Given material:
━━━
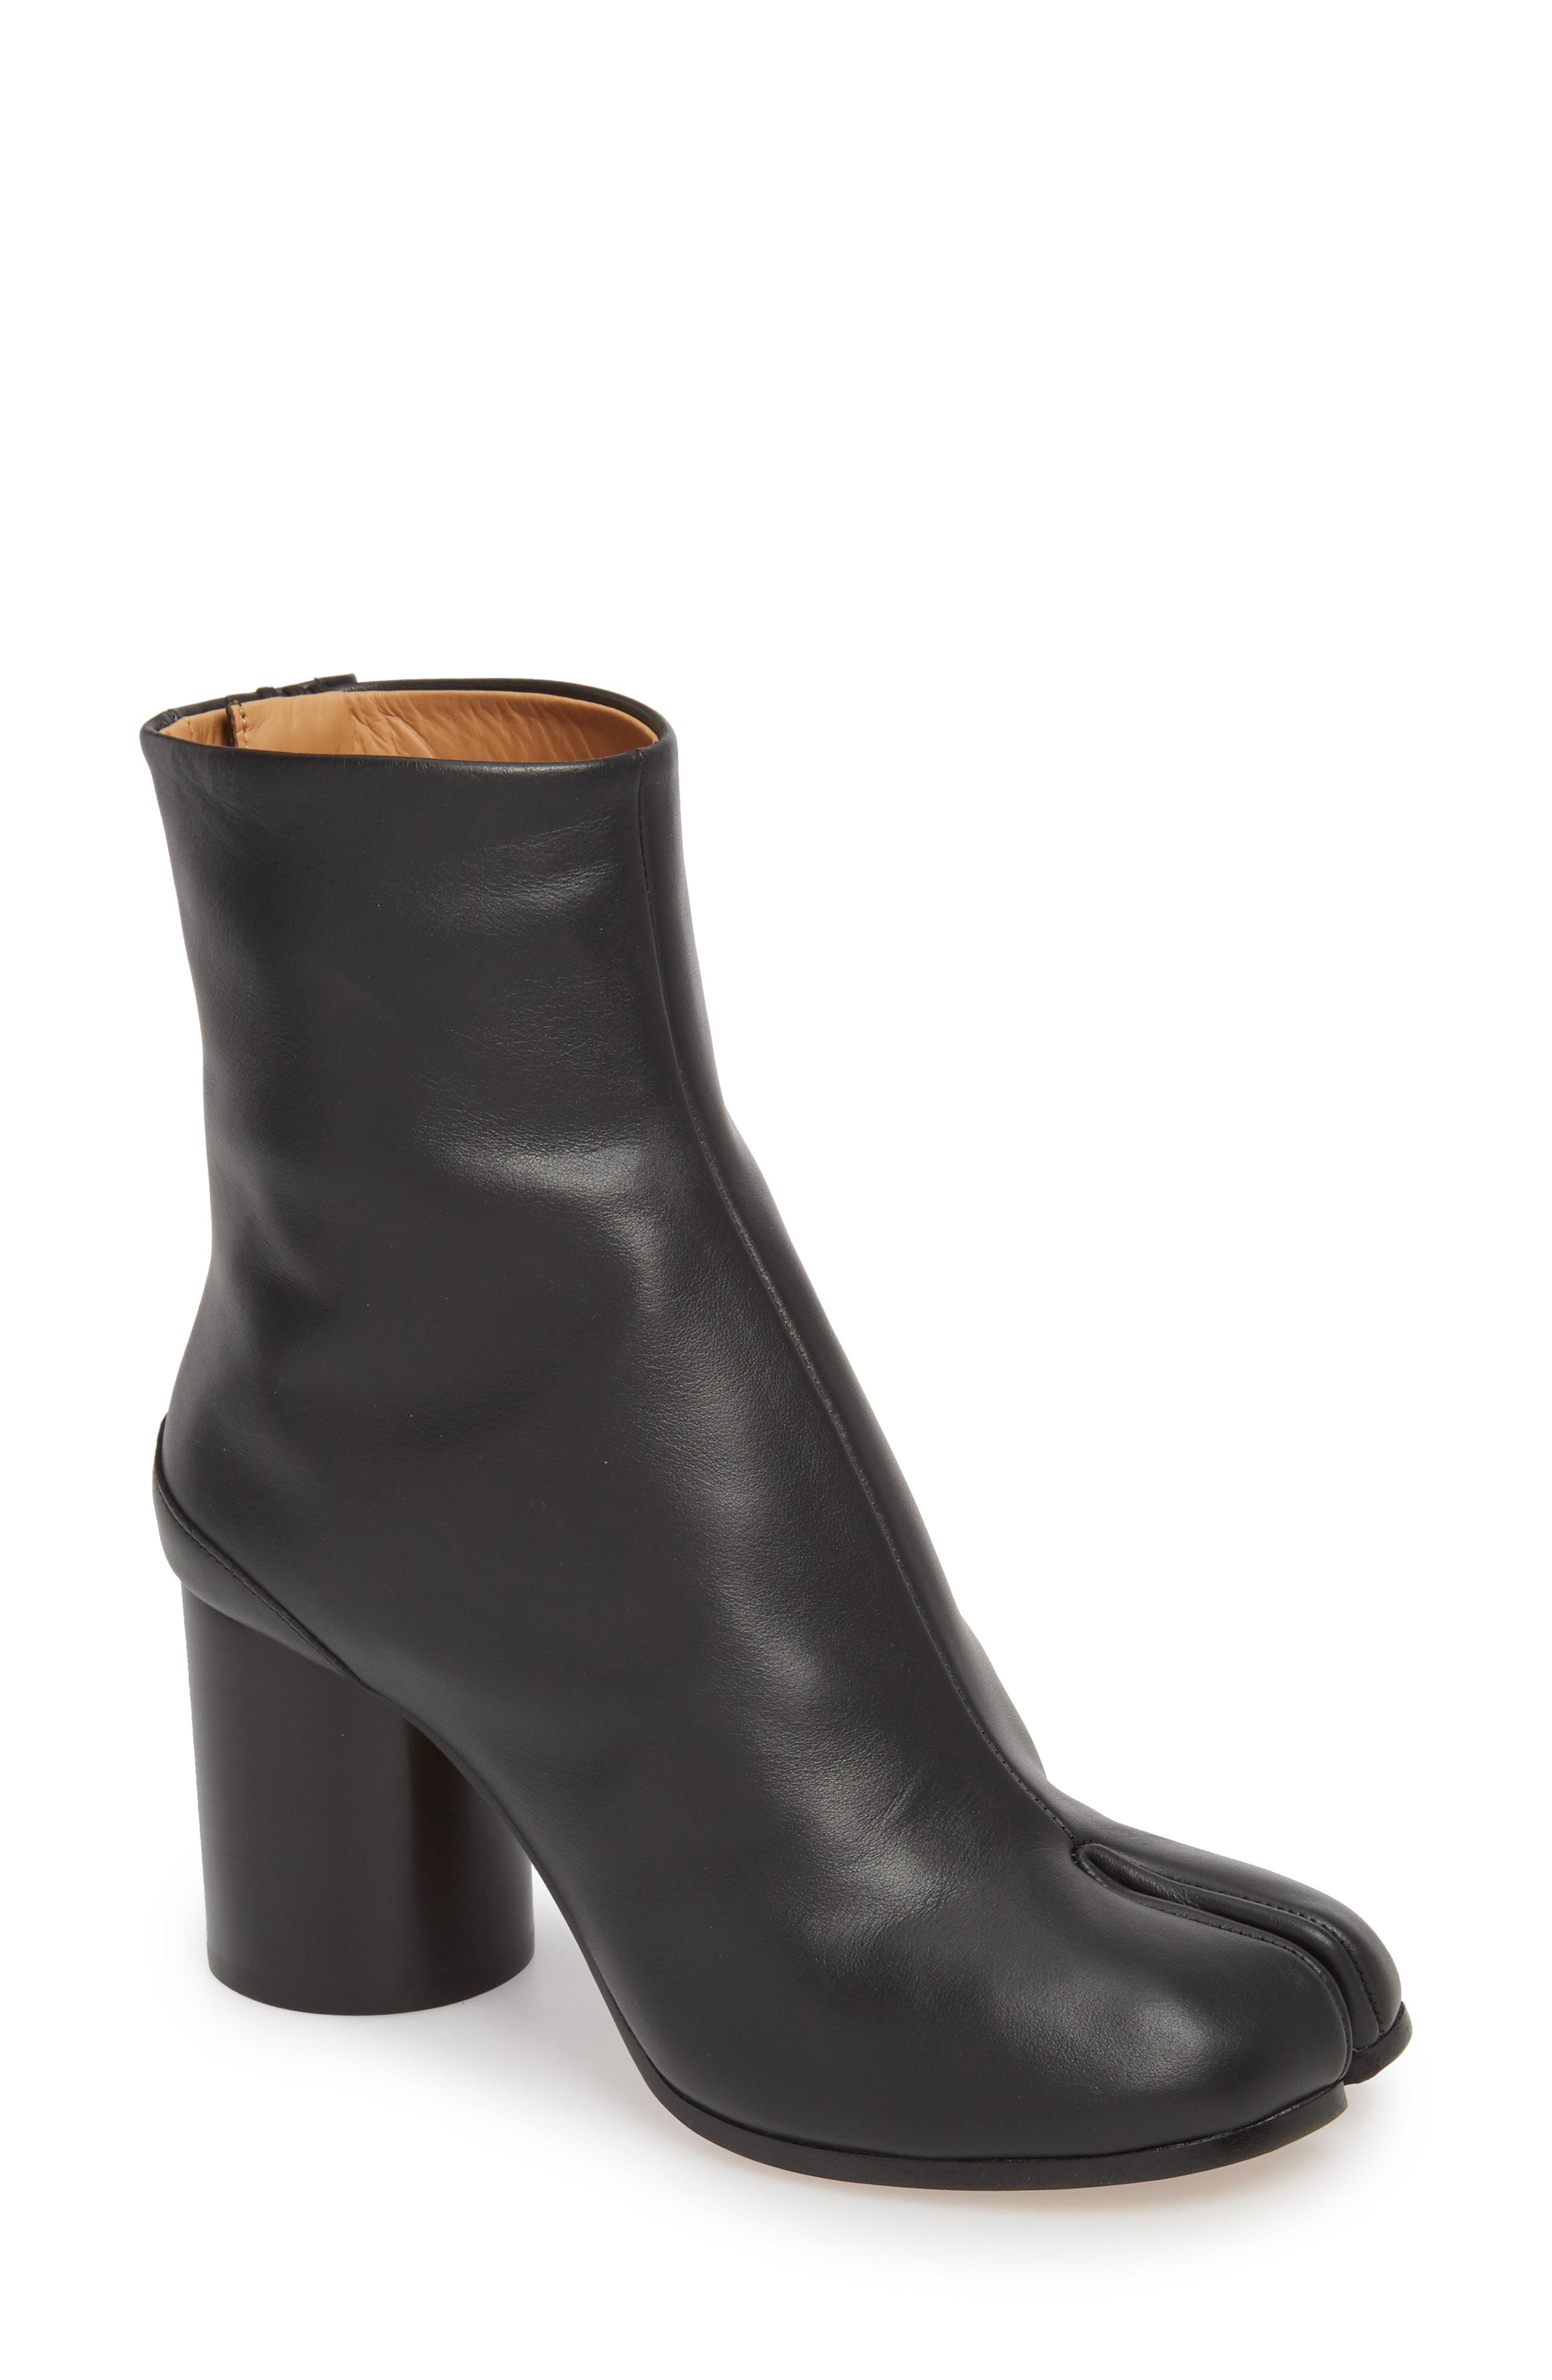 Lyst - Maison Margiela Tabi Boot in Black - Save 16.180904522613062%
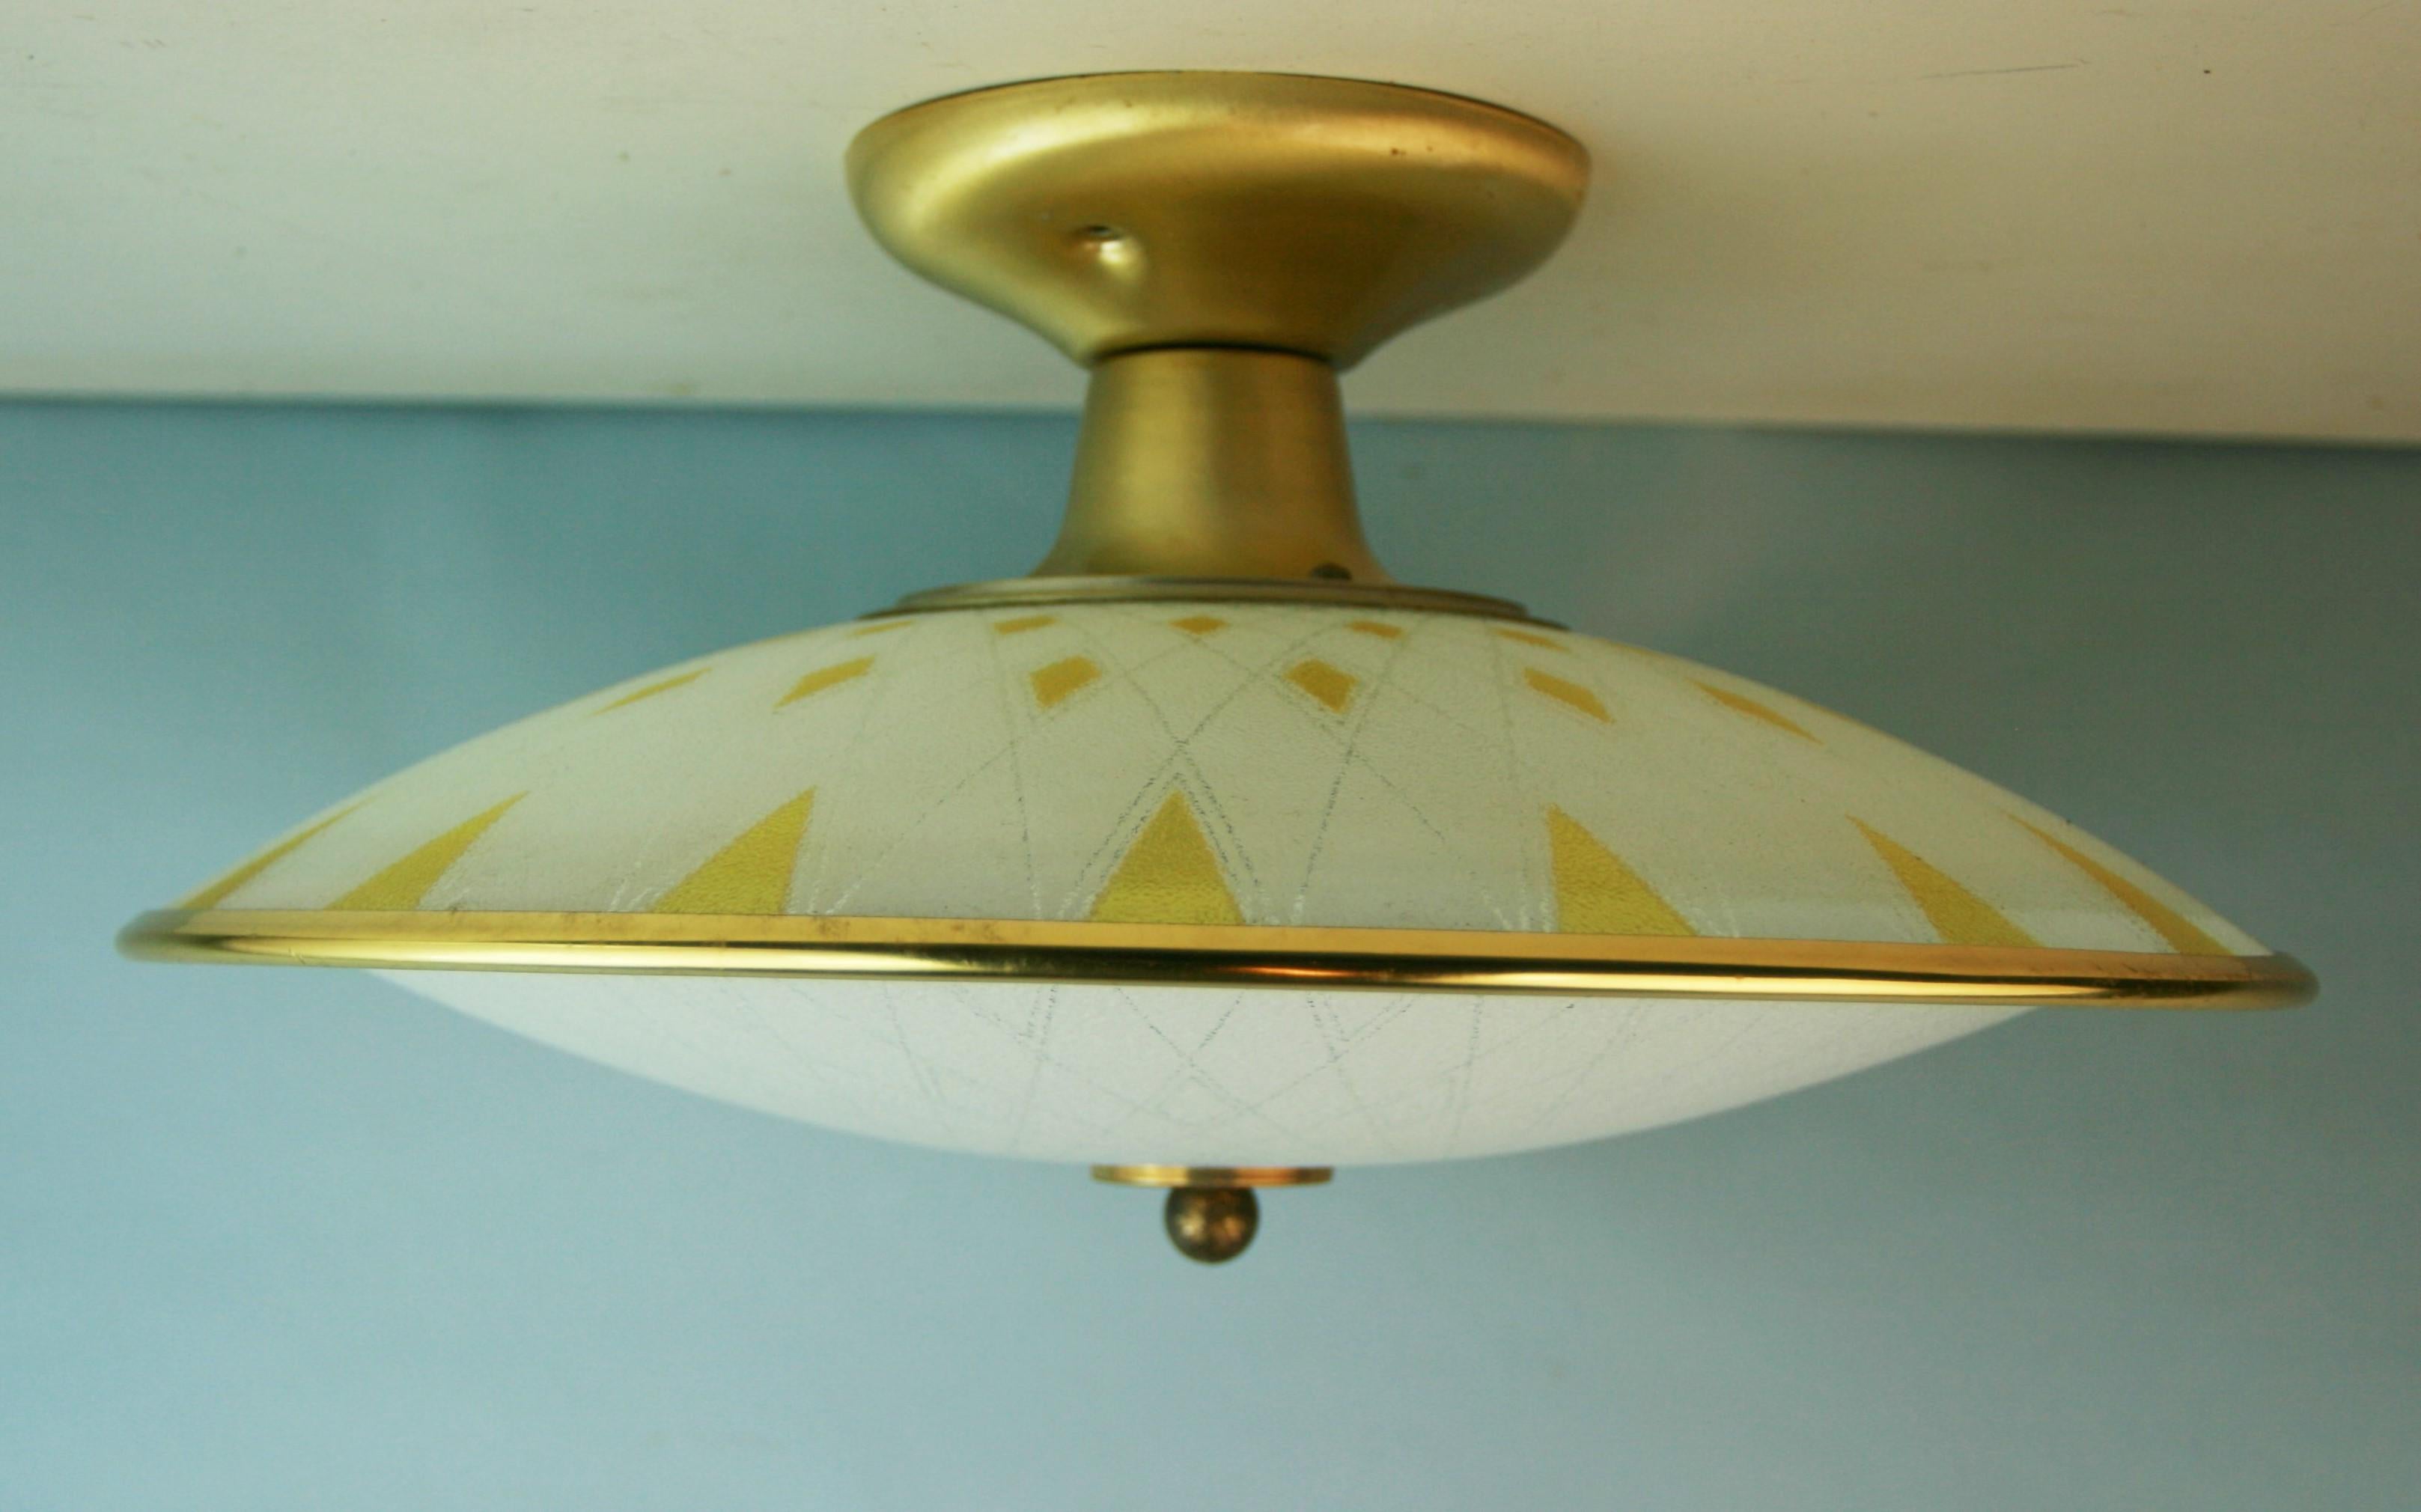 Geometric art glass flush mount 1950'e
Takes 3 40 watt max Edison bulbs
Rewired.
━━━
Your task: Please output all of the data exactly as given, omitting any images it holds.

Solution to this exercise:
 Lyst - Maison Margiela Tabi Boot in Black - Save 16.180904522613062%
 Geometric art glass flush mount 1950'e
Takes 3 40 watt max Edison bulbs
Rewired.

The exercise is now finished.